Ostatnio edytowany przez Kinaret (2012-05-08 15:44:46)
Offline
Wszedłem do środka budynku.Muszę znaleźć pracę by utrzymać dom mój i Sunako.Nikogo nie było poza mną i urzędnikiem.
-Może to i lepiej...-pomyślałem.Powoli podszedłem do mężczyzny.
-Dzień dobry-powiedziałem-Szukam pracy, by utrzymać mnie i moja przyjaciółkę.Najlepiej taką by zarabiać nie mniej niż 15 dukatów miesięcznie...
Offline
Urzędnik właśnie przeglądał jakieś zwoje pergaminu, chociaż na twój głos szybko odwrócił głowę i odrzekł:
- Dzień dobry. Może podałby pan jakieś konkrety? W czym pan się dobrze spisuje? W jakiego rodzaju pracach?
Offline
- Pracę fizyczną, powiadasz? Co powiesz o pracy na budowie? Ostatnio potrzebujemy coraz więcej robotników, a jakimś cudem nie możemy ich znaleźć. Czy przyjmujesz takie zlecenie? - urzędnik zadał pytanie, licząc na to iż Lux odpowie na nie twierdząco.
Offline
Powoli przemieszczałem się ulicami miasta starając się jak najmniej rzucać w oczy. To miejsce miało stać się dla mnie nowym początkiem, więc najlepszym wyjściem wydawało mi się znalezienie jakieś pracy. Bez większych problemów znalazłem miejsce które było urzędem pracy. Wystarczyło odnaleźć miejsce w którym nikt nie zajmował się pracą. Znudzony urzędnik i jakiś młodzian właśnie prowadzili dyskusję na temat jakiejś pracy fizycznej kiedy wszedłem do pokoju.
-Witam- powiedziałam starając sobie przypomnieć język panujący na tym kontynencie- Czy znajdę tu jakąś pracę?
Offline
Zgłoś się na na Placu Budowy - rzekł urzędnik do Luxa, po czym zajął się następnym ochotnikiem
- Tak, praca zawsze jest. A w czym konkretnie się specjalizujesz? - urzędniczo się spytał
Offline
Długo rozmyślałem nad właściwą odpowiedzią, kiedyś zajmowałem się robieniem trucizn ale tutejsza roślinność była zupełnie inna. Mogłem też powiedzieć zabijaniem, ale to przecież umie każdy. Znajomość magi? W gruncie rzeczy nie za wiele o niej wiedziałem.

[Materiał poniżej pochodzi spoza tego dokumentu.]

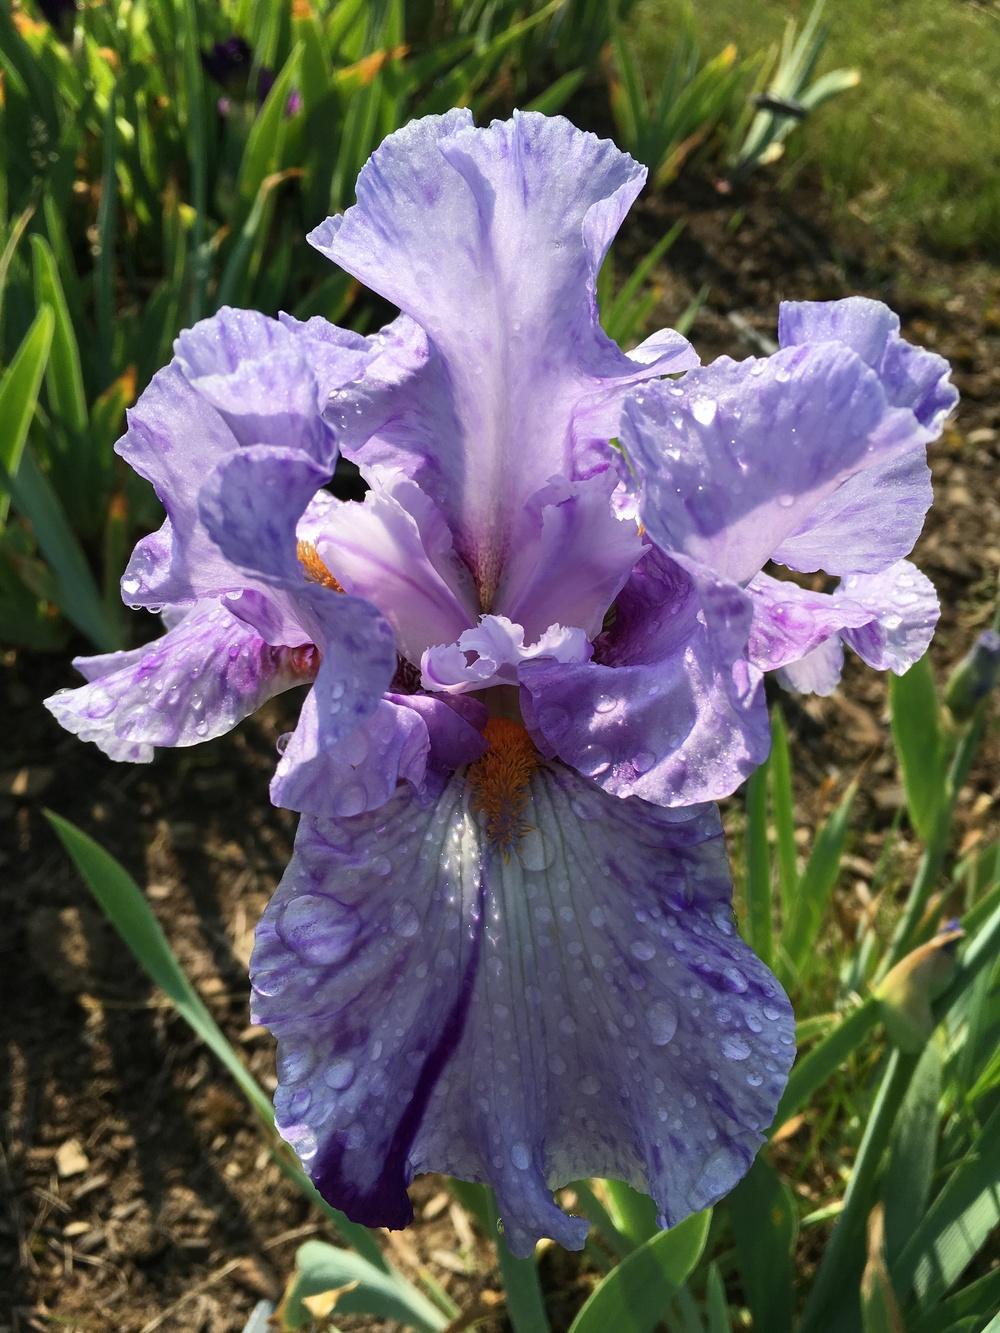 Photo of Tall Bearded Iris (Iris 'Elainealope') uploaded by Misawa77

-Niczym konkretnym- odpowiedziałem po chwili wahania.
Offline
-Oporządzanie zwierząt, myślę że sobie poradzę-odparłem,znałem podstawy anatomii ludzkiej i końskie(najłatwiejszą metodą na zabicie jeźdźca jest pozbycie się jego wierzchowca) z pewnością reszta zwierząt jest w mniejszym lub większym stopniu podobna więc nie powinno to sprawić większych problemów.